In the latest News Net (May/June 2010, 50.3) of the American Association for the Advancement of Slavic Studies, Scott Palmer’s “Academic Publishing in the Digital Age” surveys the current landscape of digital humanities: JSTOR, MUSE, the JSAH, the university presses and the “digital transition,” various e-book platforms and e-readers, including the Kindle and iPad. He examines the Institute for the Future of the Book, George Mason University’s Center for History and New Media, Web 2 and 3 capabilities, the impact of mega-corporations like Microsoft, Apple and Google, and the efforts of government and private foundations, including NEH, MacArthur, Mellon and ACLS. Among the “impressive” multimedia projects he cites is ACLS Humanities E-Book’s XML series.

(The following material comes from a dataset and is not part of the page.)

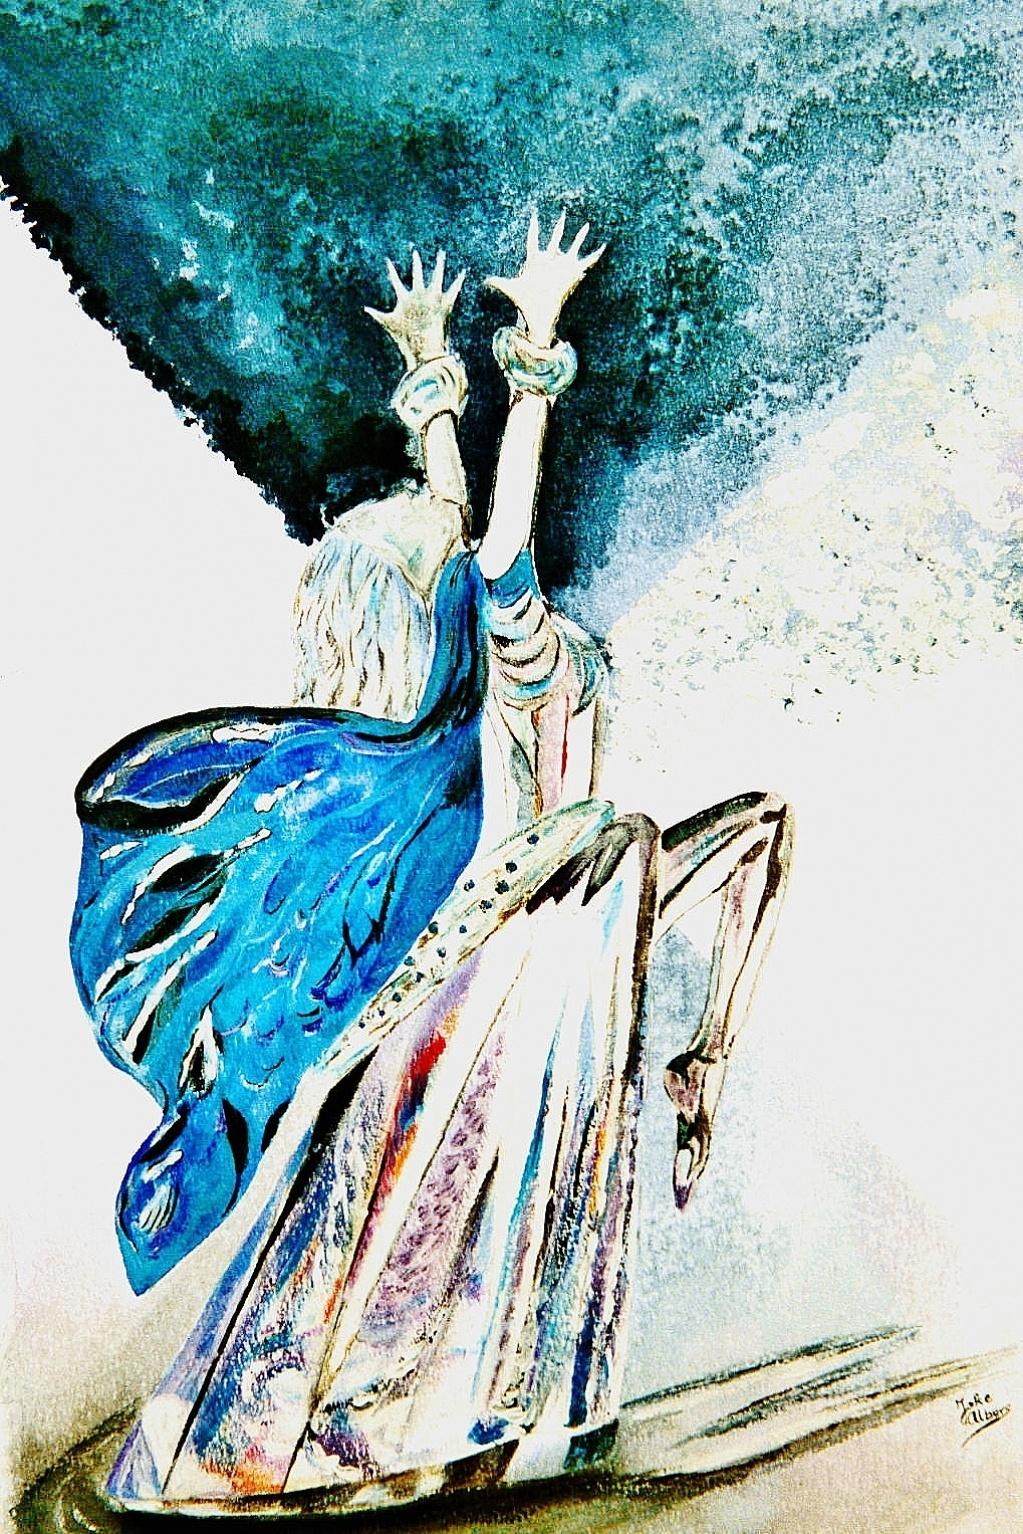 Crystal dance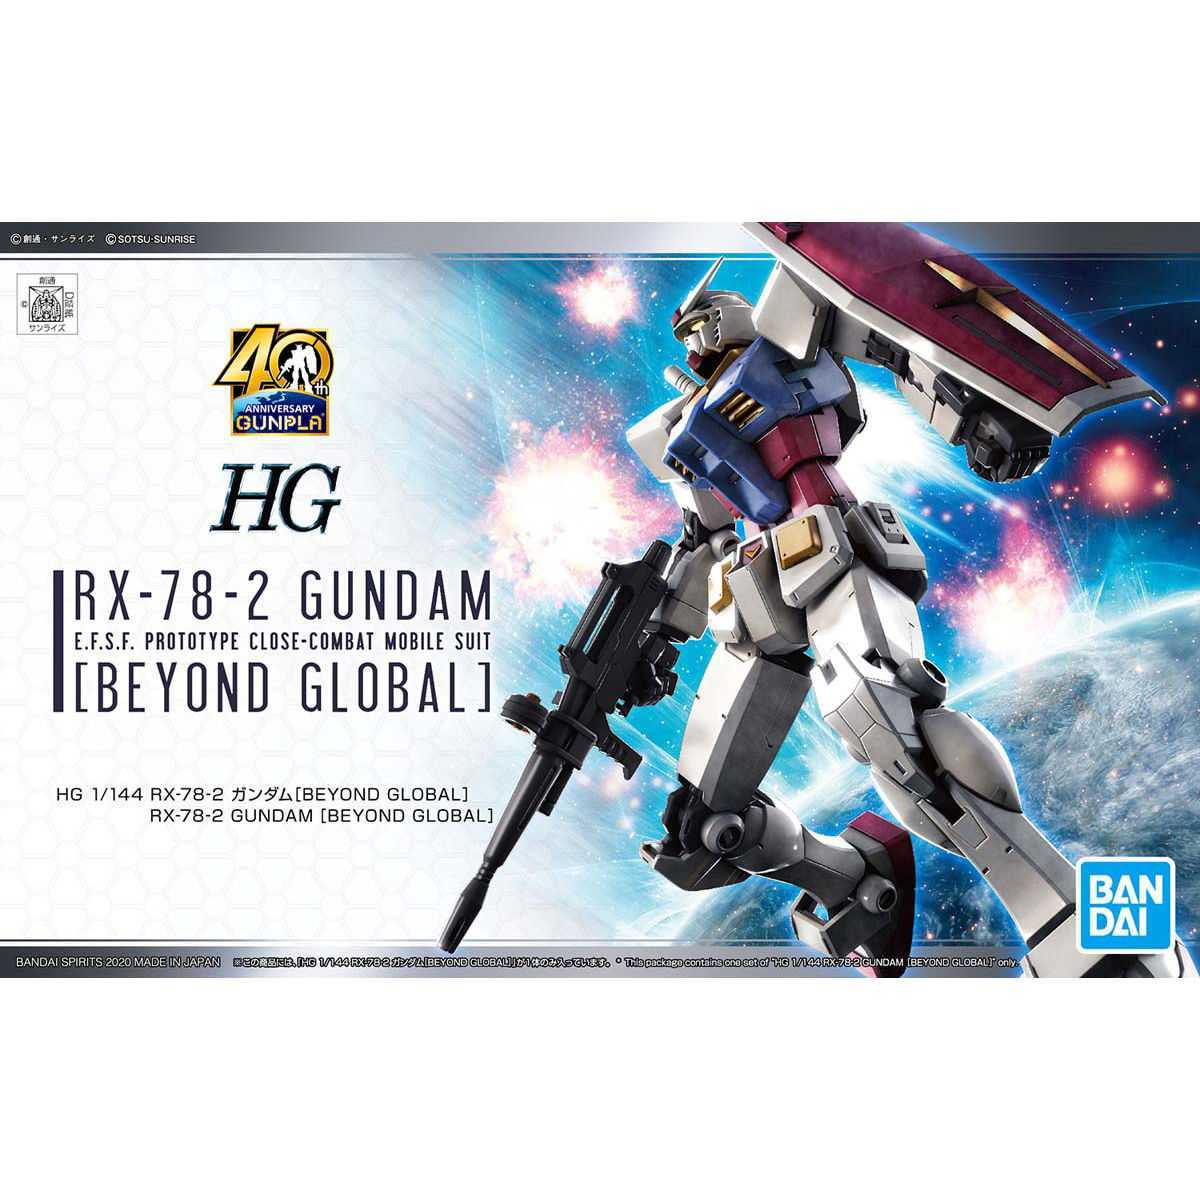 HG 1/144 RX-78-2 ガンダム [BEYOND GLOBAL] 大河原邦男_画像5

Prof. Palmer then devotes many of his final remarks to the importance of a new digital literacy among humanists themselves and the opportunities and challenges that this new fluency carry for the academy. “We should be prepared to be buffeted by continuing whirlwinds of change,” he concludes.
Scott Palmer comes to the topic with first-hand knowledge and experience: he is the author of HEB’s XML multimedia version of Dictatorship of the Air (Cambridge UP, HEB e-book, 2007) and now serves as editor-in-chief of The Russian Front website.